Pictures aside, reproduce exactly each line from the one holding "Spartan Chemical Company" through the last line of the material, both ends included.

Provided material =>
↓

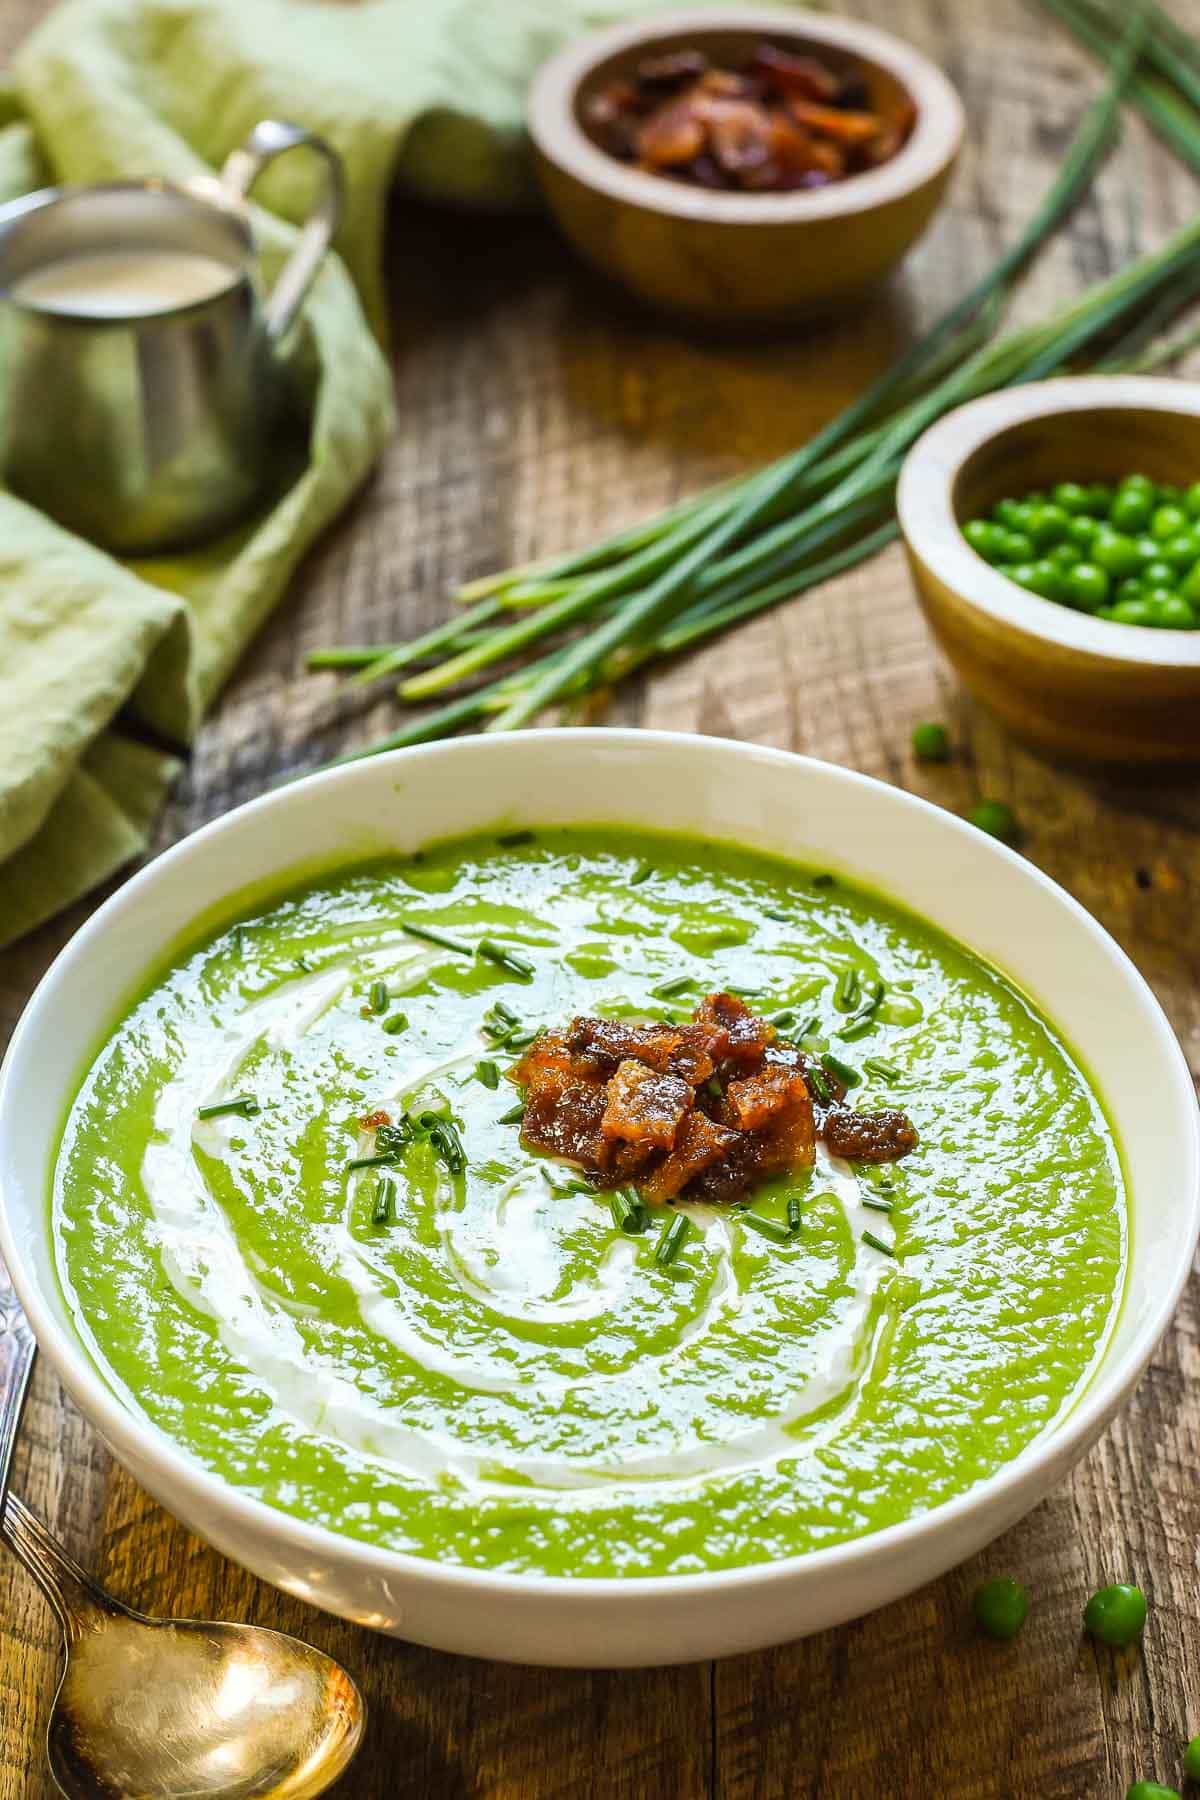 Green Pea Soup with smoky sweet candied bacon is a party for your tastebuds! Light, but creamy, sweet and salty, it's perfect for any spring meal!
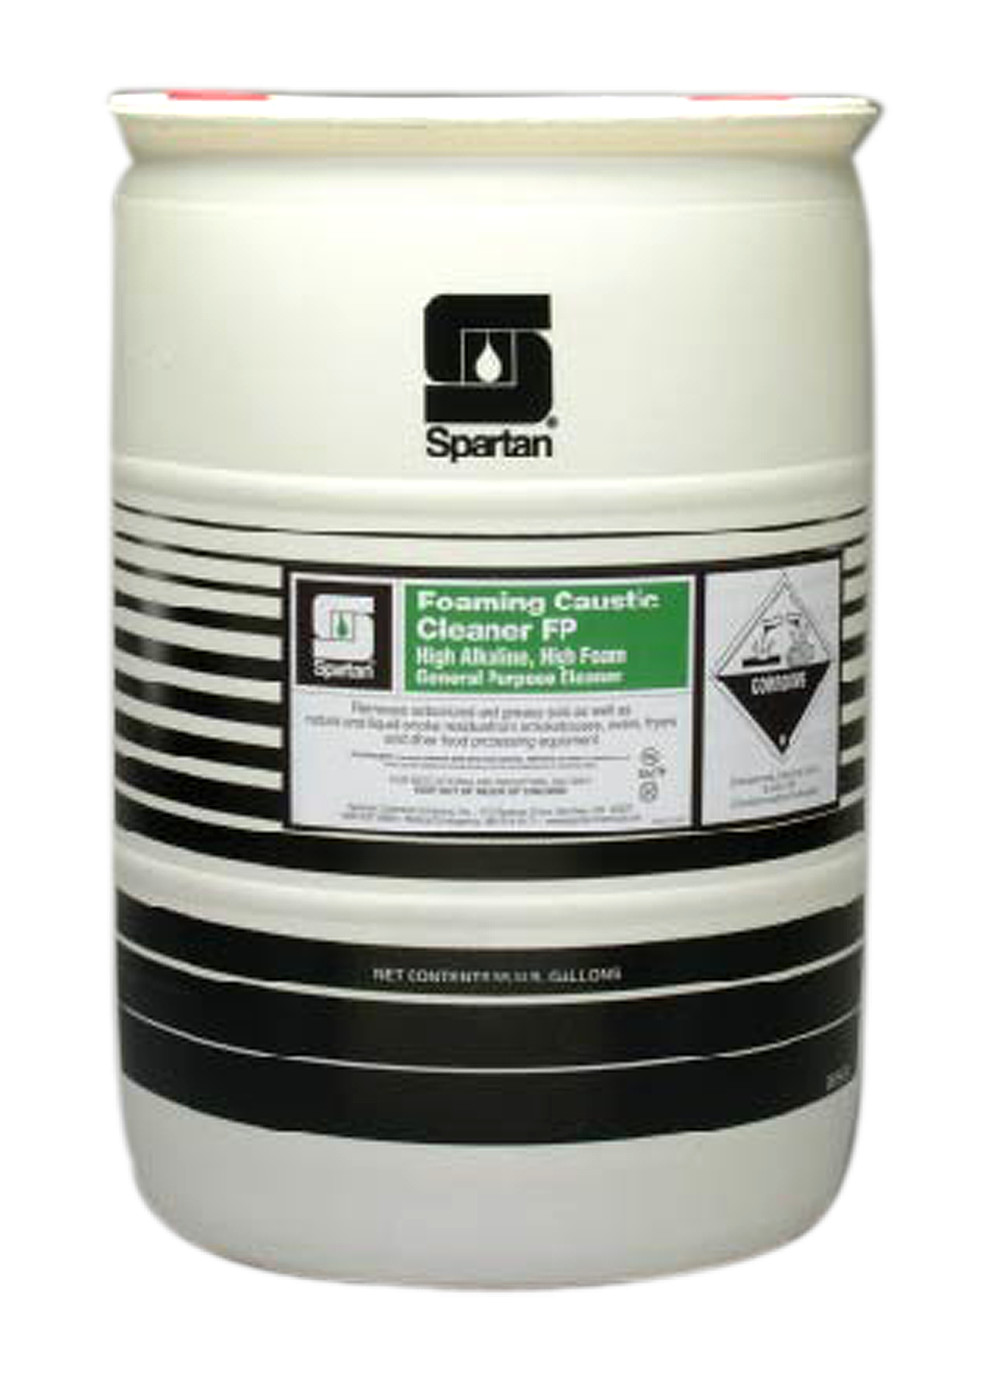 Spartan Chemical Company Foaming Caustic Cleaner FP, 55 GAL DRUM
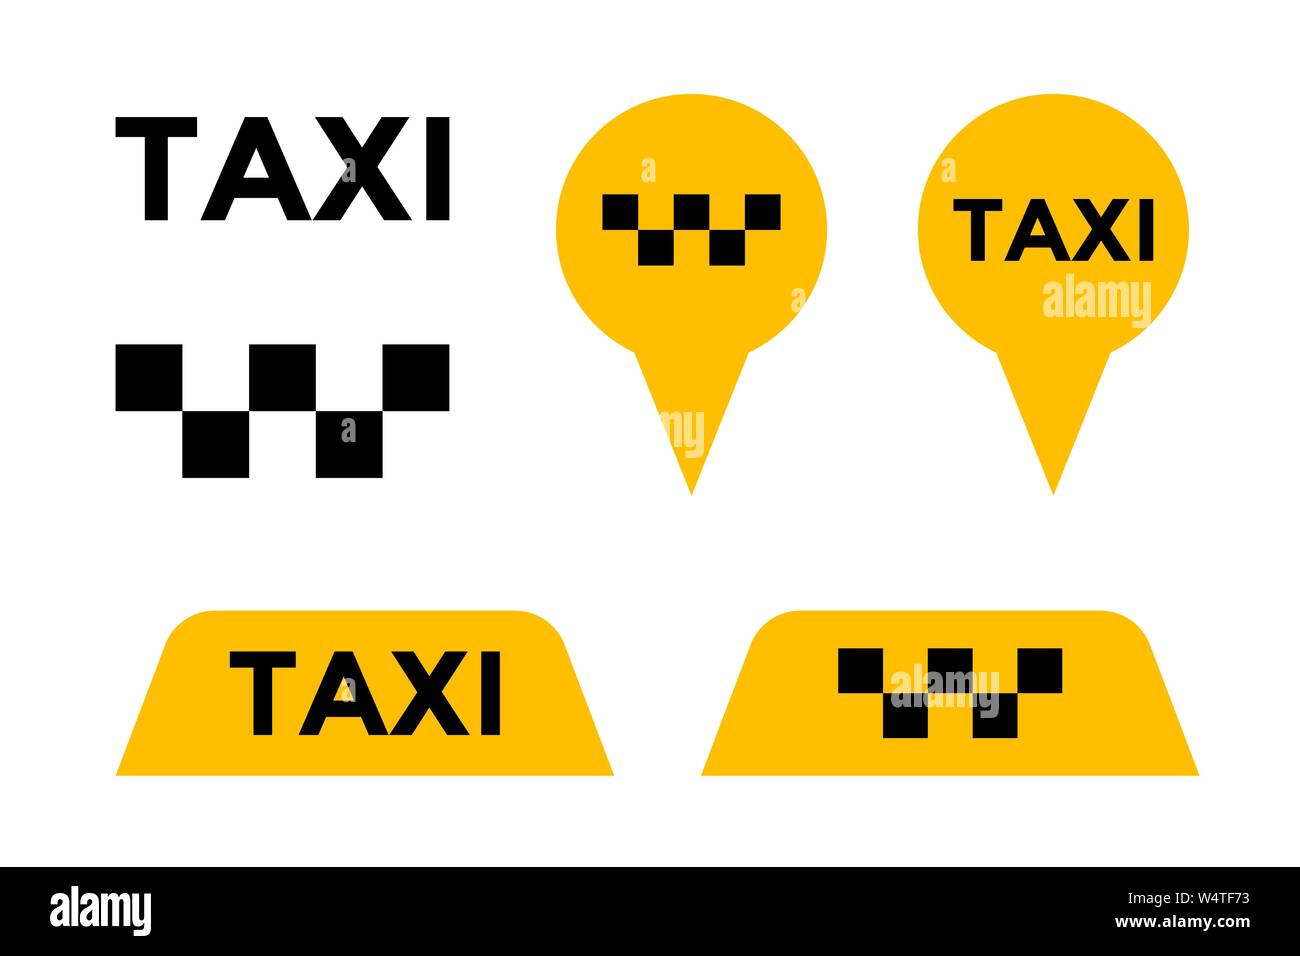 Taxi cab service vector icon set. Yellow signboard and pin signs of passenger city transport markers. Vector element illustration Stock Vector

↑

Task result =>
 Spartan Chemical Company Foaming Caustic Cleaner FP, 55 GAL DRUM
 Taxi cab service vector icon set. Yellow signboard and pin signs of passenger city transport markers. Vector element illustration Stock Vector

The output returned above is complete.